The hotel’s groundbreaking this summer will come amid a flurry of development news on Mount Washington. “Everyone else is developing up there, why not us?” said Pat O’Malley, EMS’s eCommerce chief. The resort wouldn’t be the first hotel to grace the mountain’s peak: It would be the successor to the Summit House Hotel which began welcoming guests in 1852 and featured 91 rooms, directly on the summit in the location where the Sherman Adams Building stands today. The hotel was torn down in the 1950s. However, the Eastern Mountain Sports Hotel & Casino would be the largest and fanciest of the mountain’s facilities, as well as the first with a full casino.

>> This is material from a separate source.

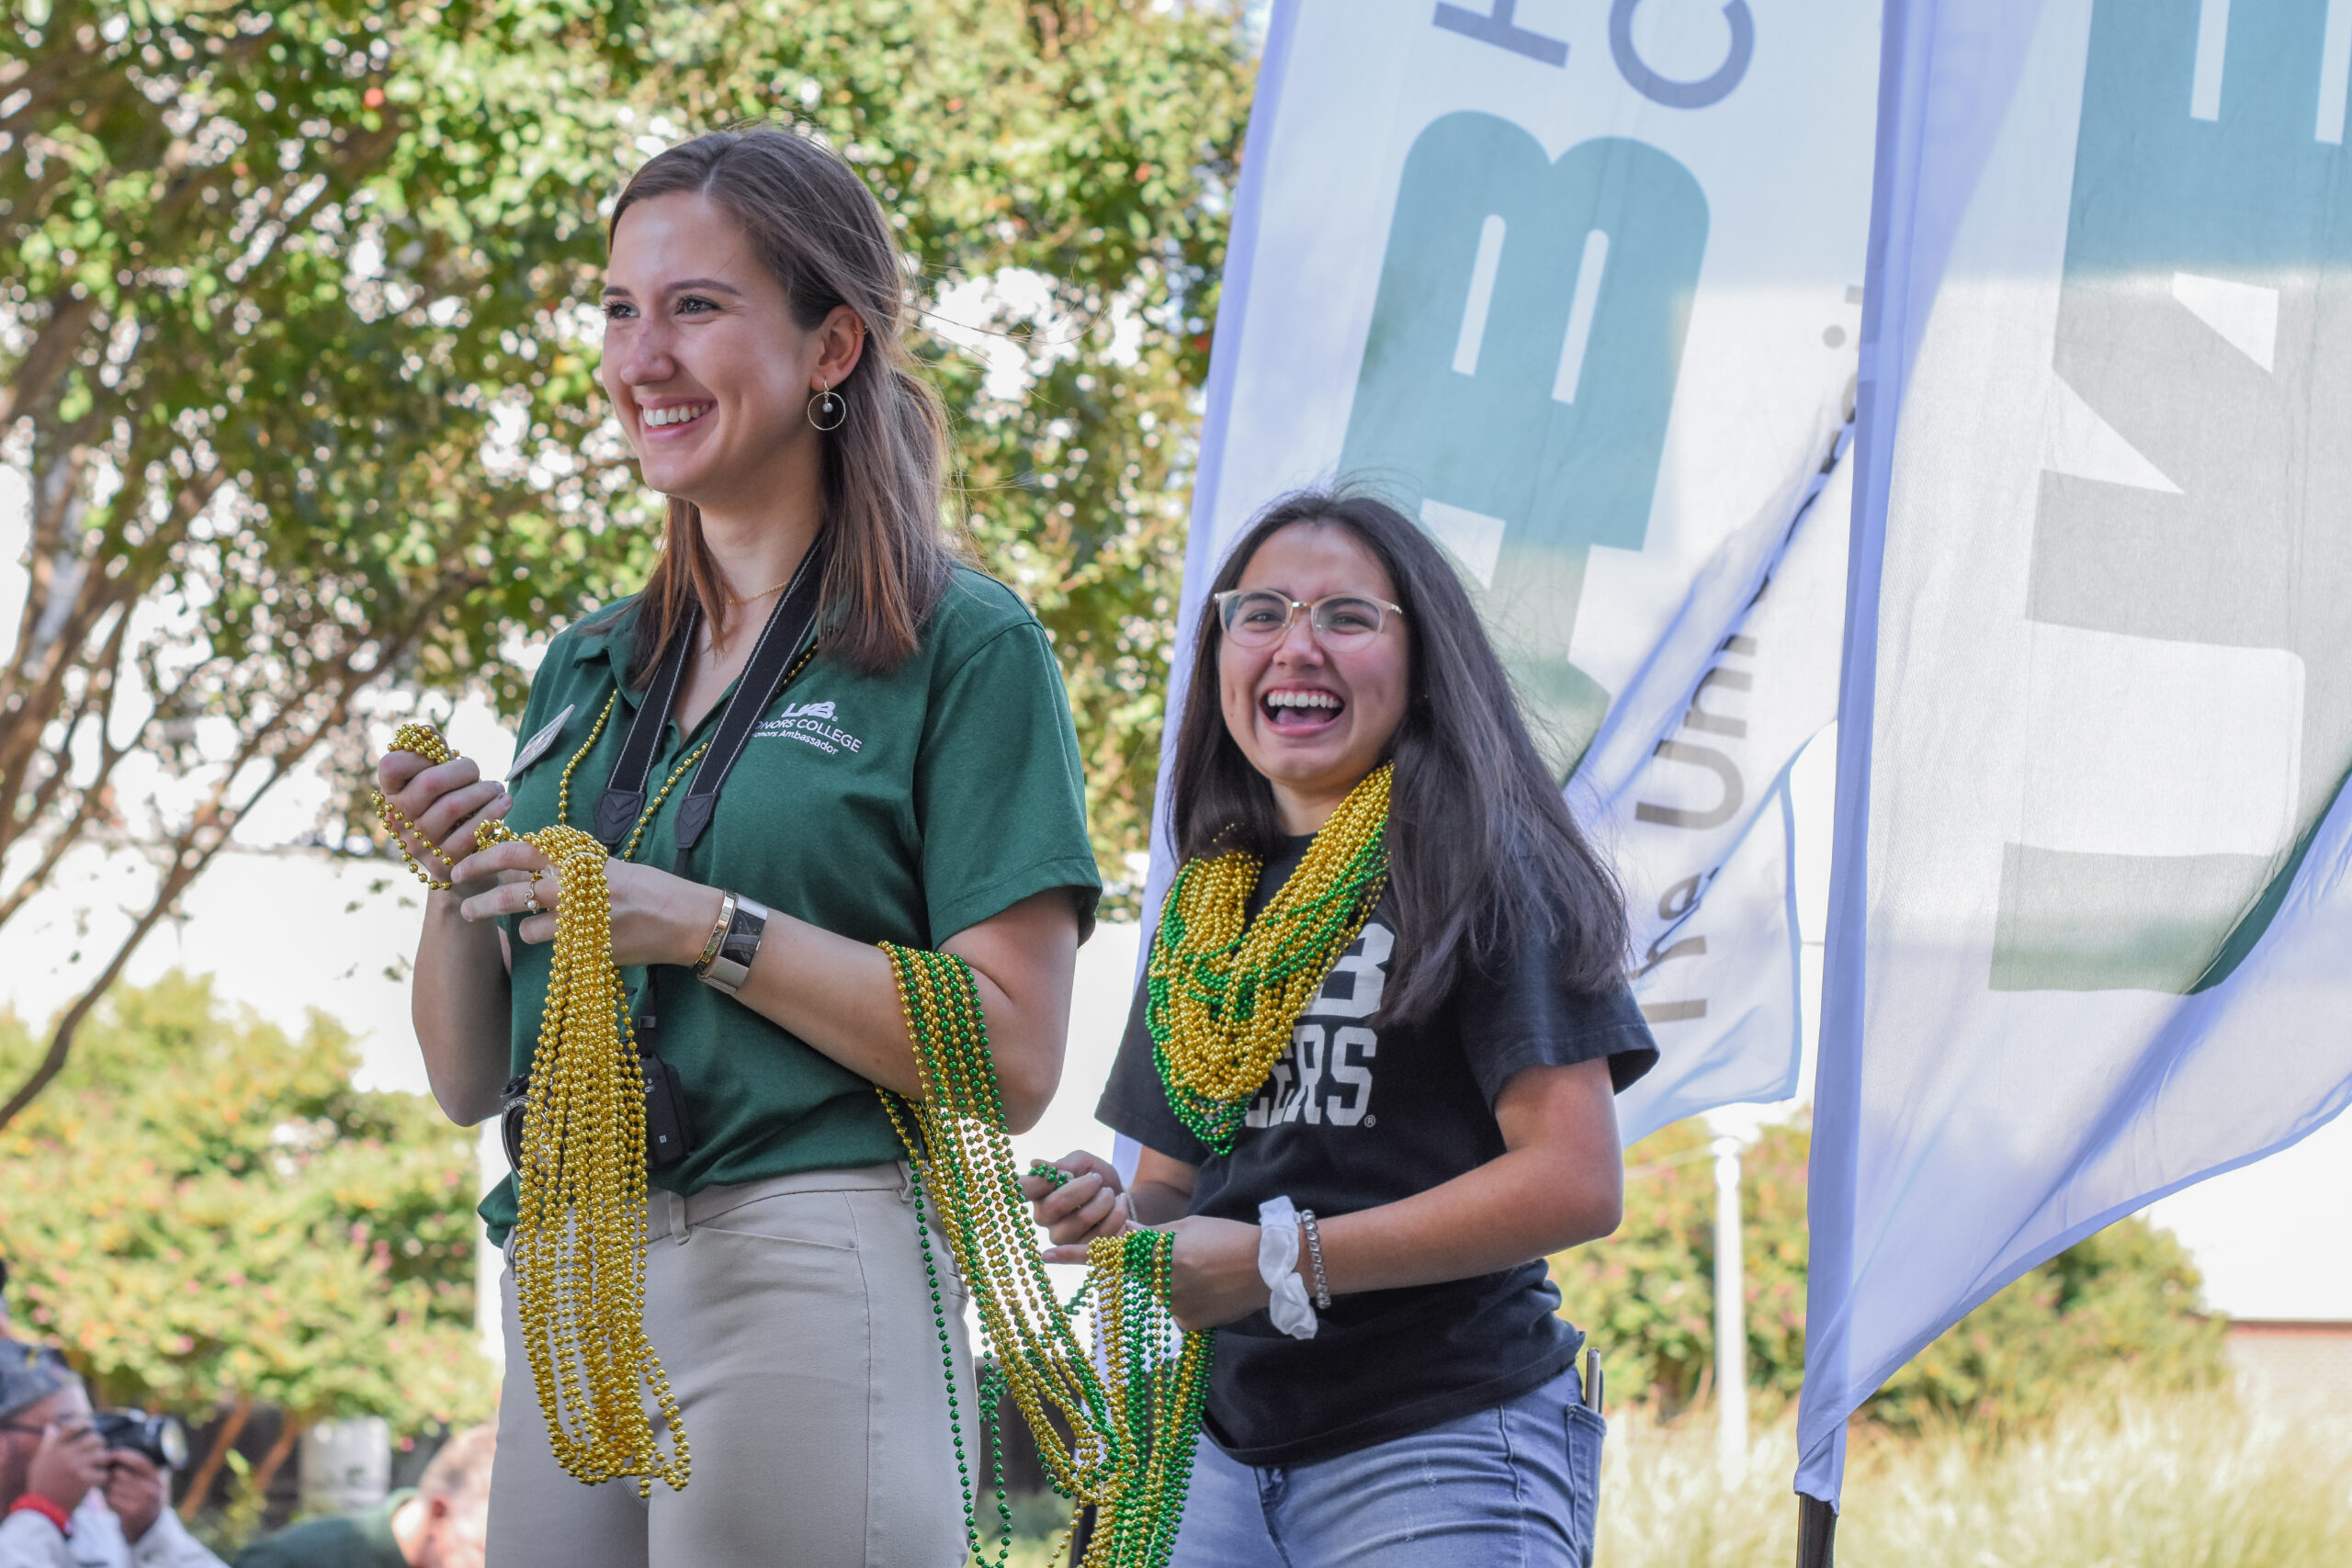 Show your school spirit by attending these events UAB

Jackpots higher than the summits and slots looser than Tuckerman’s snowpack!

The Hotel & Casino will be open to visitors year-round, allowing helicopter-accessed and professionally-guided sledding and tubing in Tuckerman Ravine. Unlike other facilities on the mountain, the resort will be accessible to stranded winter hikers without reservations in need of shelter (for an increased rate). For those unable to afford the emergency lodging, Naomi Watts has already signed on with a major production company to star in the first survival story feature film which will inevitably result from the resort.

“Mount Washington is a truly beautiful place,” said EMS Brand Manager Ellen Estabrook. “And so is Las Vegas. We’re excited we could combine the two to make a destination that’s truly special.” Estabrook hinted that the brand has similar plans in mind for other scenic Northeast locales including Baxter State Park, Mount Monadnock, and the Adirondacks’ Avalanche Pass. “Basically all the most beautiful locations—We really feel like they could benefit from a large hotel and more visitors.”